Democrats have been fearing that the party will not be able to unify behind the nominee if the DNC chair keeps her seat due to her criticism of the Bernie Sanders campaign following the chaotic Nevada State Convention.
Wasserman Schultz called the Sanders response “anything but acceptable” and compared the convention to a Donald Trump rally.
In response, Sanders endorsed her Democratic congressional opponent Tim Canova in Florida, and said that if he were elected, that he would have Wasserman Schultz removed from her position.
“I don’t see how she can continue to the election. How can she open the convention? Sanders supporters would go nuts,” said the lawmaker, who requested anonymity because of the sensitive nature of the discussions.
Despite rumblings from multiple anonymous sources, the Democratic Party has, by-and-large, been supportive of the DNC chair.

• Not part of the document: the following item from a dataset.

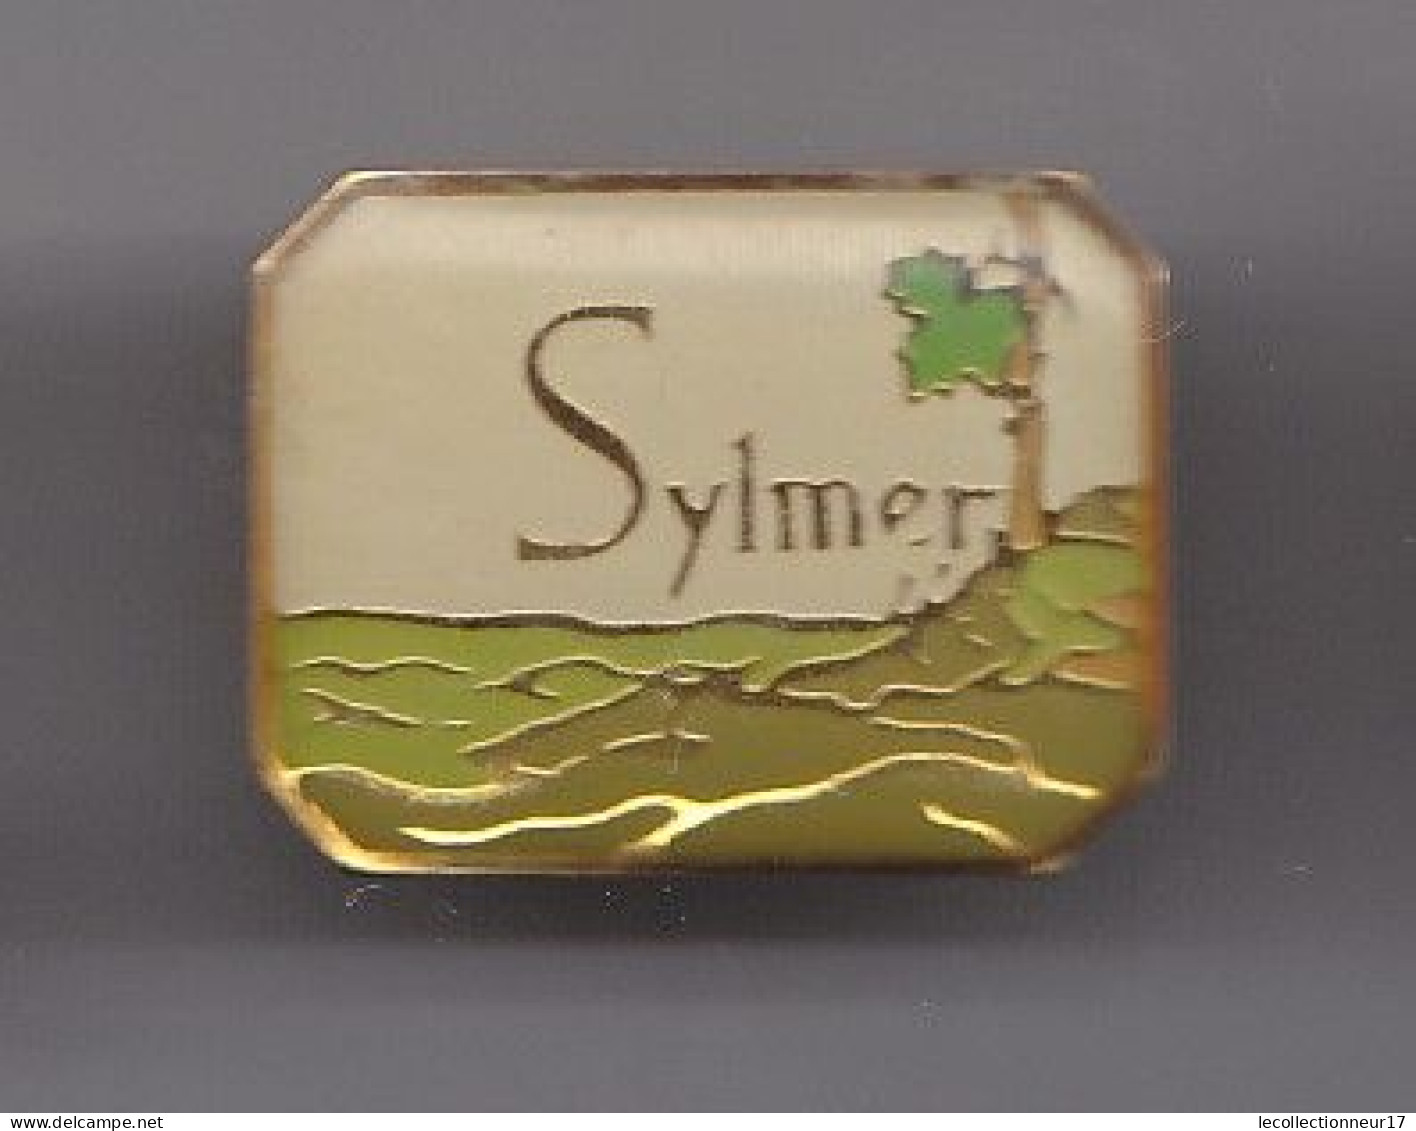 Pin's Sylmer Vin Vigne Cépage Réf 5569 - Boissons

House Minority Leader Nancy Pelosi expressed her support for Wasserman Schultz:
“DNC Chairwoman Wasserman Schultz enjoys the support of Members of the House Democratic Caucus for her leadership in unifying the party and winning in November,” Pelosi told CNN.

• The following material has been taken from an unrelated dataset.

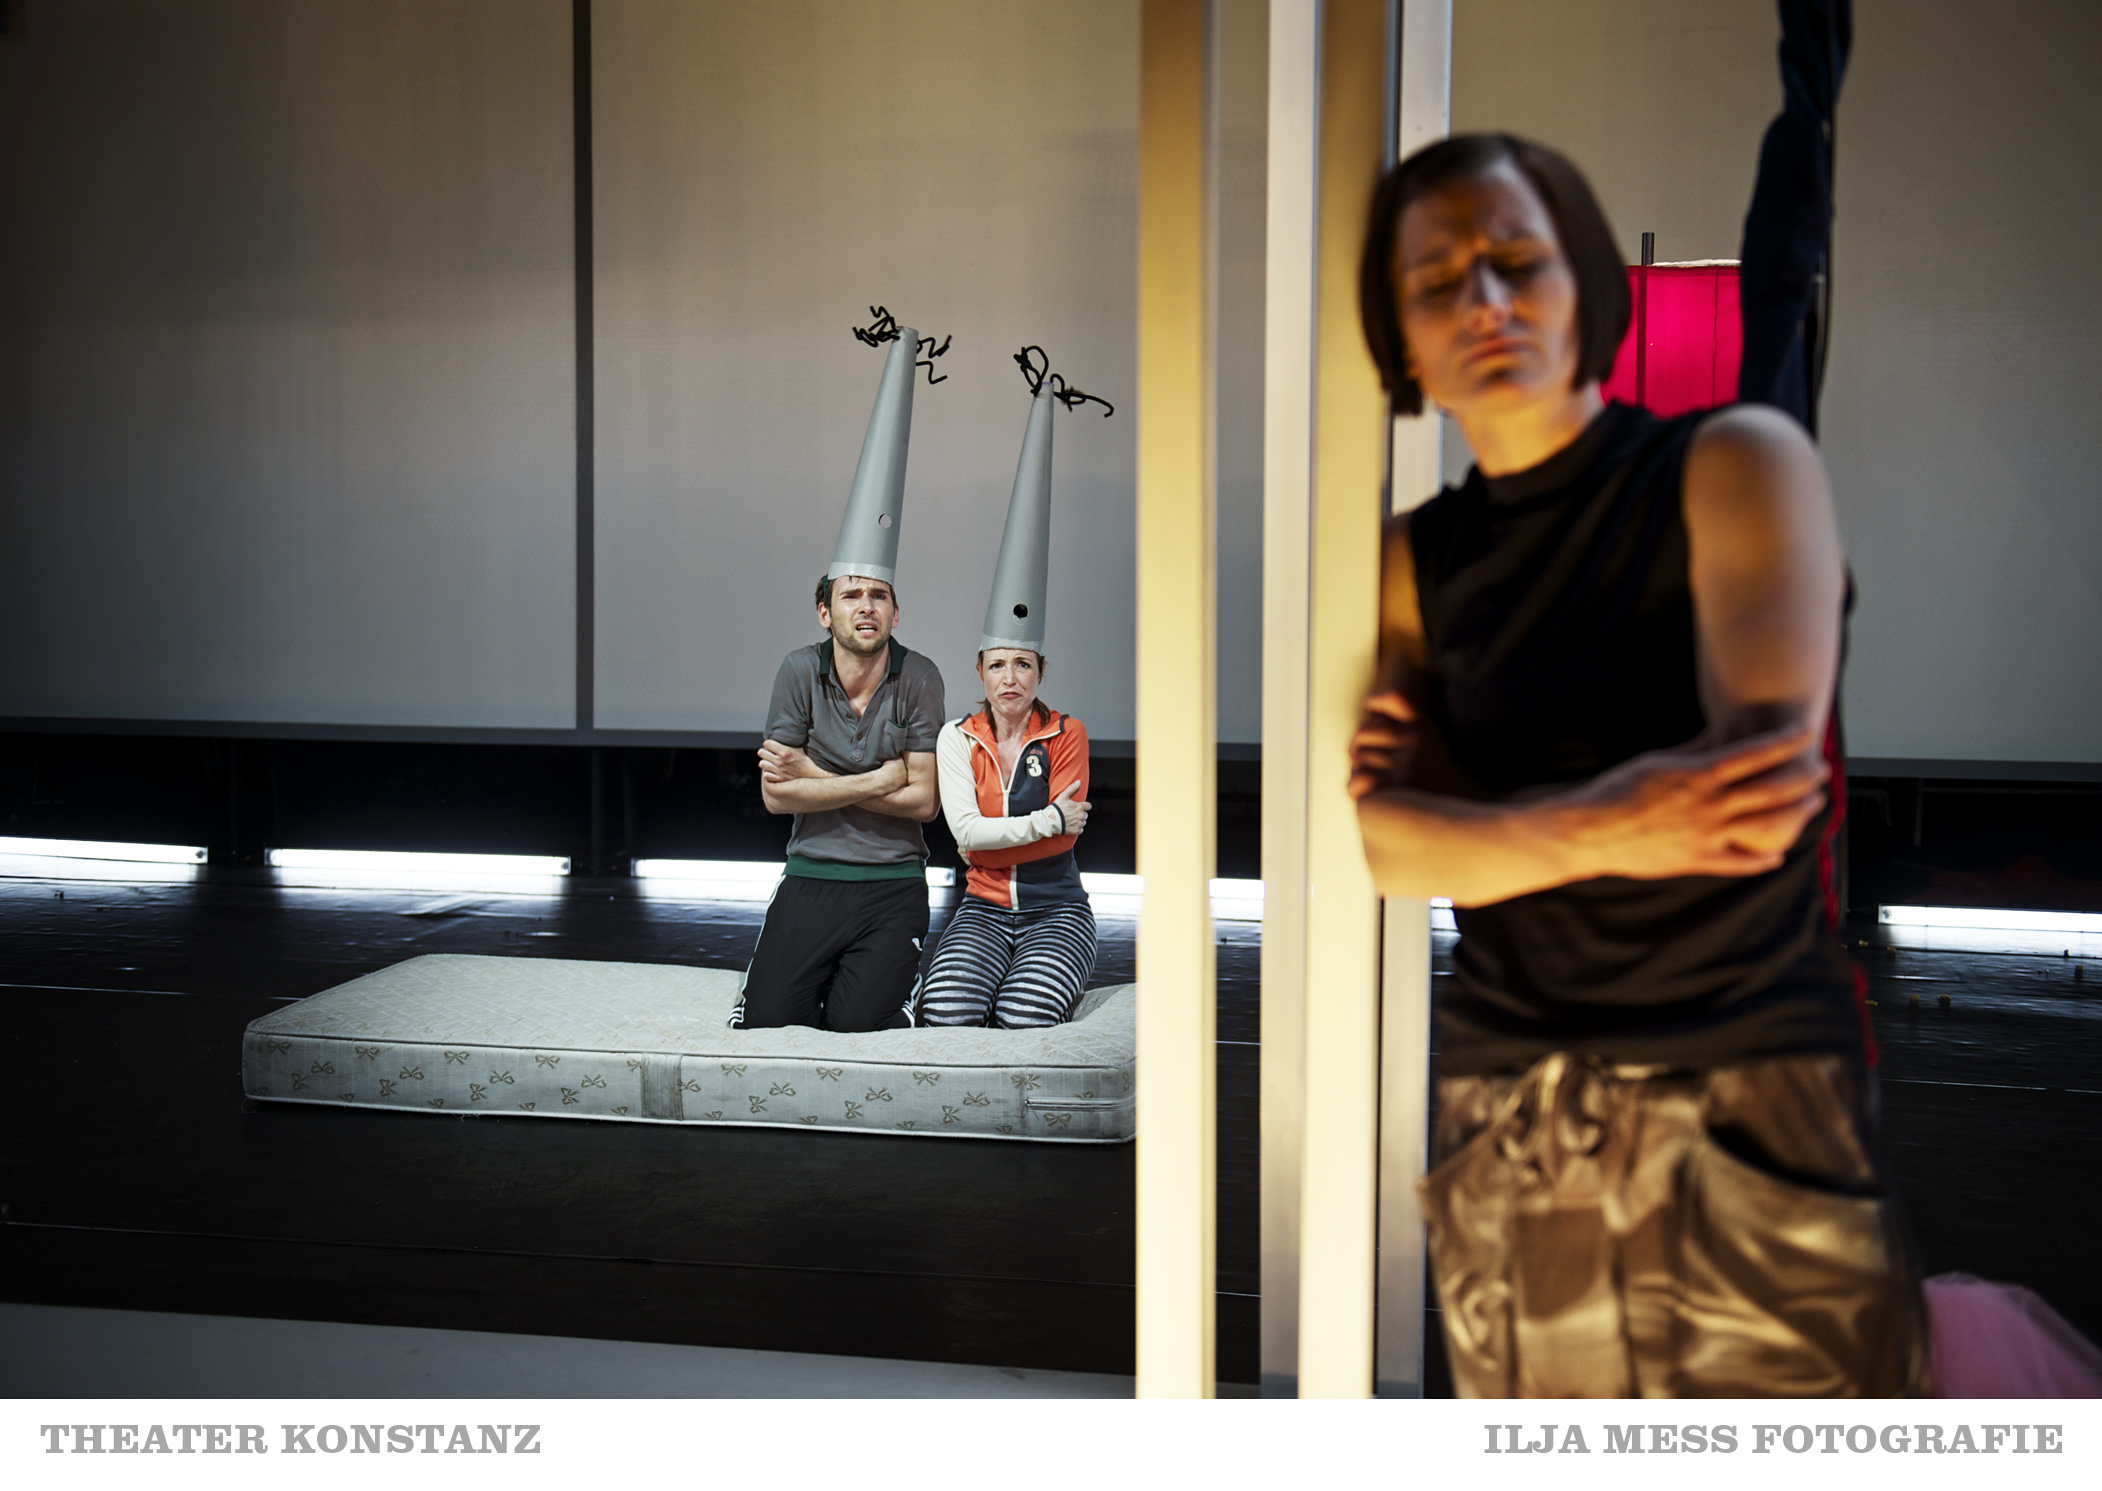 "EInsam lehnen am Bekannten" in einer Neuauflage am Theater Konstanz

Maryland Senator Barbara Mikulski, dean of Senate Women, said Wasserman Schultz has done well in moderating the primary fight between Clinton and Sanders:
“I think Debbie Wasserman Schultz has done a good job. If you look at her platform committee appointments, she really gave a lot of room to Bernie supporters,” Mikulski said, referencing the Democratic National Committee conceding five of the fifteen chairs on the party platform committee to Sanders. Clinton will get to name six of the chairs, and DNC chair Debbie Wasserman Schultz would get to name the remaining four.
Normally, the DNC chair appoints all fifteen members.